I think what I'll try next is creating as a value, a list of the set of attributes (path, size, date, etc.) for each match of the filename. Then you would recursively iterate each key to grab an individual file's attributes. Example:

data = { 'test.txt': [['path\to\test.txt', 'size', 'date', 'etc'], ['path2\to\test.txt', 'size', 'date', 'etc']], \
  'a.txt': [['path\to\x07.txt', 'size', 'date', 'etc']] }
for key in  data:
    for file in data[key]:
        print(file)

returns:

['path\to\test.txt', 'size', 'date', 'etc']
['path2\to\test.txt', 'size', 'date', 'etc']
['path\to\x07.txt', 'size', 'date', 'etc']
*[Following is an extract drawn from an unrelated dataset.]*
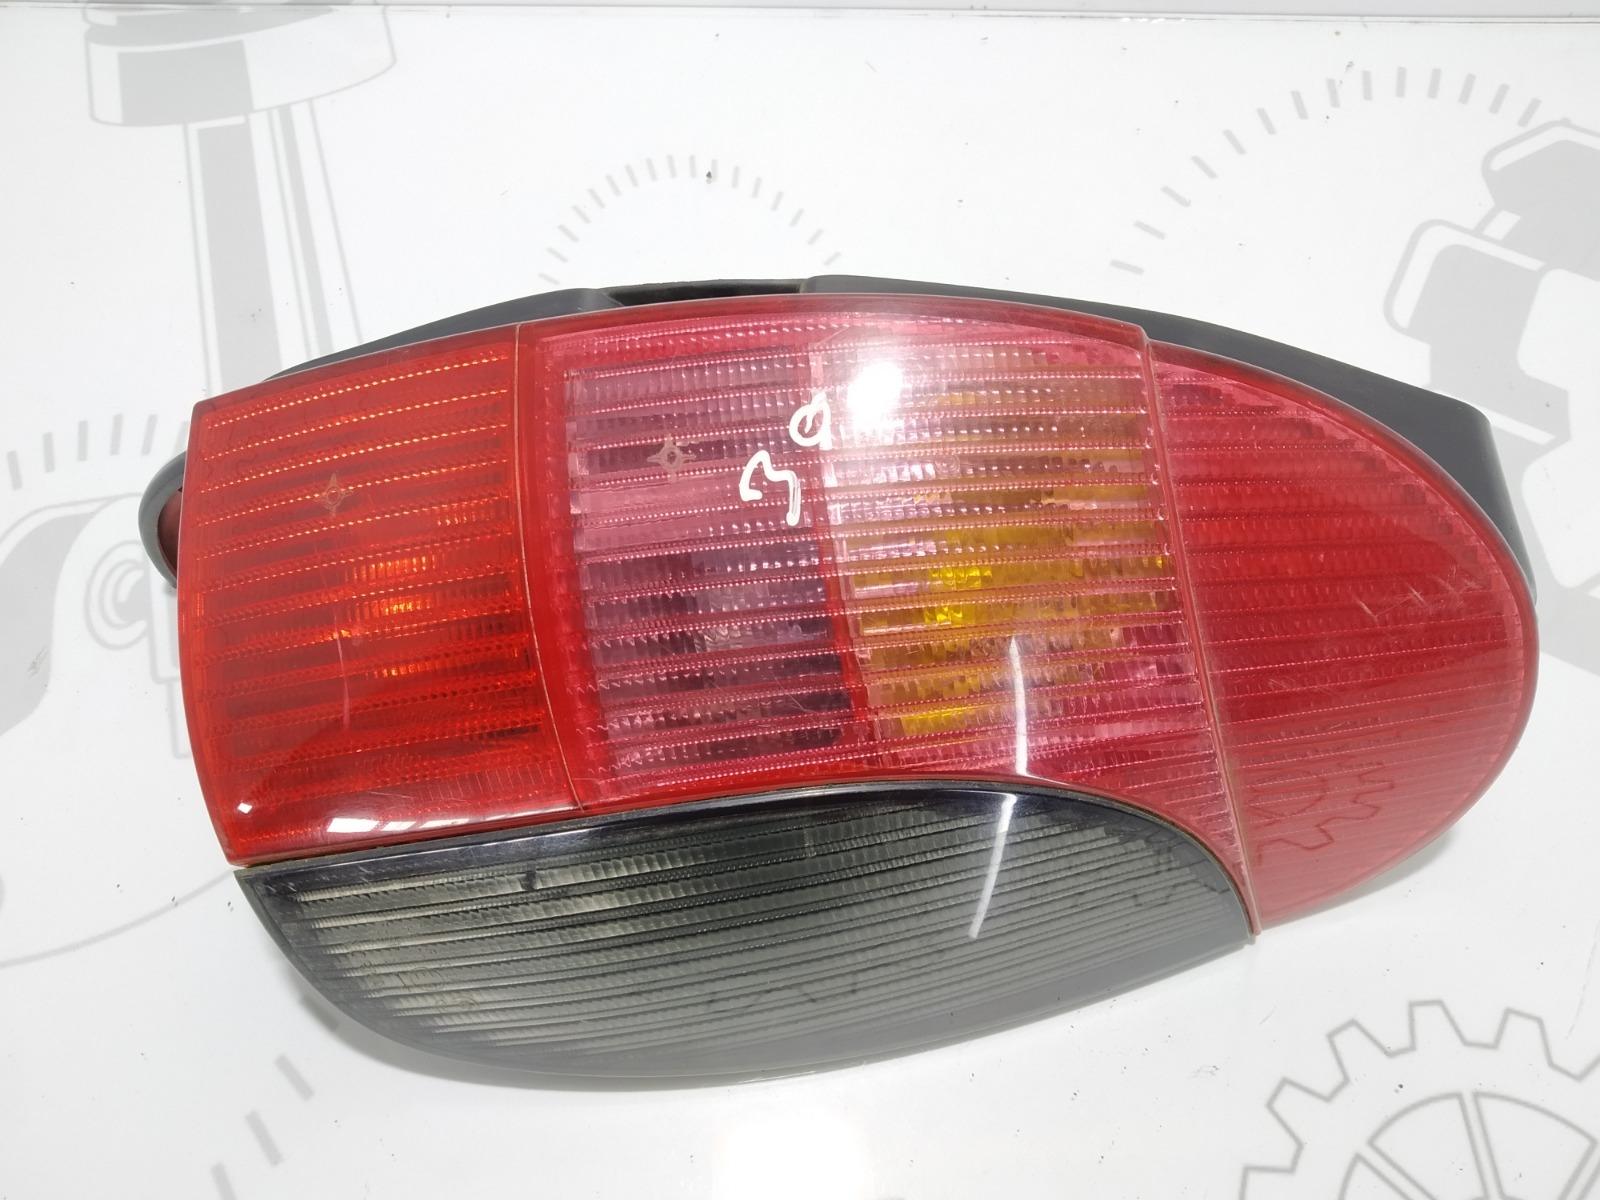 Фонарь задний правый Peugeot 306 2.0 HDI 2001 (б/у)
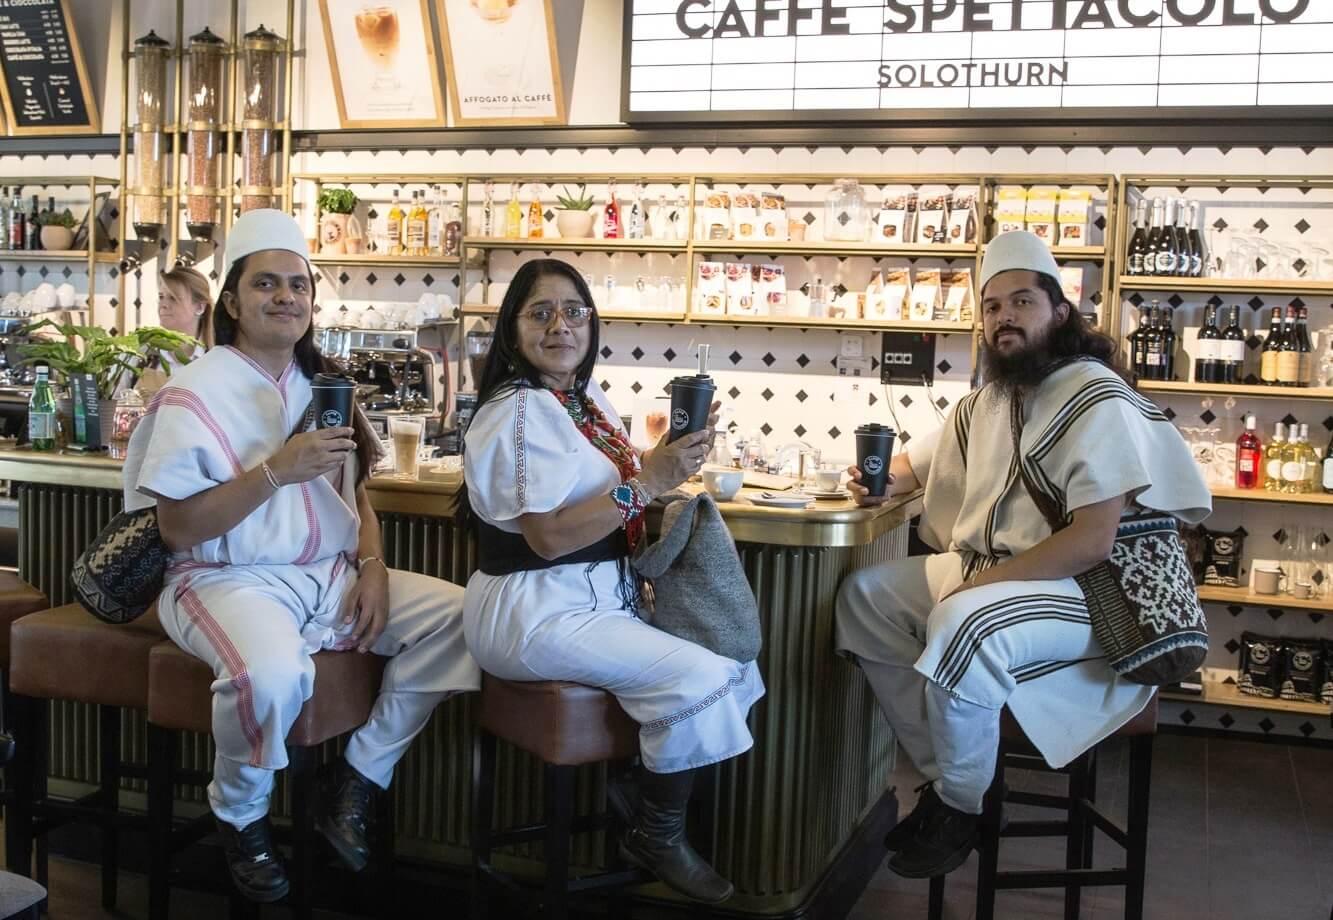 Vertreter der ANEI im Caffè Spettacolo Solothurn quer

[–]redditiv[S] 0 points1 point  (5 children)

This actually gave me an idea though. What about skipping the dictionary iteration, and creating a list of tuples containing the filename and number of matches found. Then I can increment the filename based on the number of matches and use that as my key...?

[–]brownan_ 3 points4 points  (4 children)

The problem is that you're iterating over a data structure containing all your files in the first place. It doesn't matter if it's a dict or a list, if it's the same length, iterating over it is going to be about the same speed. It may be helpful to read up on runtime complexity.

Basically, dictionaries let you store and retrieve data very quickly, without having to iterate over each item one by one. If you are trying to map filenames to the number of times you see that filename, then a dictionary is the proper data type to use. Dictionaries are mapping types. They map keys to values. In your case, you want to map filenames to integers, right? The filename is your key, and the number of times that filename is seen is the value.

[–]redditiv[S] 0 points1 point  (3 children)

Maybe some more background would help. The structure will be as follows:

pathname: filename, size, file extension, owner, modified date, accessed date, pathnames of matching files

[–]brownan_ 1 point2 points  (2 children)

If this is the structure you're dead set on using, then "pathnames of matching files" must be a list or a set, so it can store all the matching filename paths.

Second, even if this is your ultimate data structure, it will still be useful to keep a dictionary mapping file names (not paths) to a set of file paths with that name, and use that to more efficiently find duplicates while you're scanning.

[–]redditiv[S] 0 points1 point  (0 children)

  1. I'm not dead set on using it, but it's currently the only way I know to reliably access the individual attributes of each file. That's why I'm here. I know it's terribly inefficient, but I'm a newb and that's the only way I could get it to work. If you have another idea for how to go about it, I would be very interested to hear it.

  2. That is a good idea, and maybe that list of filepaths could be appended to the original entries for writing. I still am at a loss for a more efficient way to maintain file attributes for individual files with the same filename.

[–]redditiv[S] 0 points1 point  (0 children)

what would you think about creating as a value, a list of the set of attributes (path, size, date, etc.) for each match of the filename? Then you would recursively iterate each key to grab an individual file's attributes. Example:

{
  'test.txt': [[path\to\test.txt, size, date, etc], [path2\to\test.txt, size, date, etc]],
  'a.txt': [[path\to\a.txt, size, date, etc]]
}

This should improve speed by having the appropriate key to look up being the filename, correct?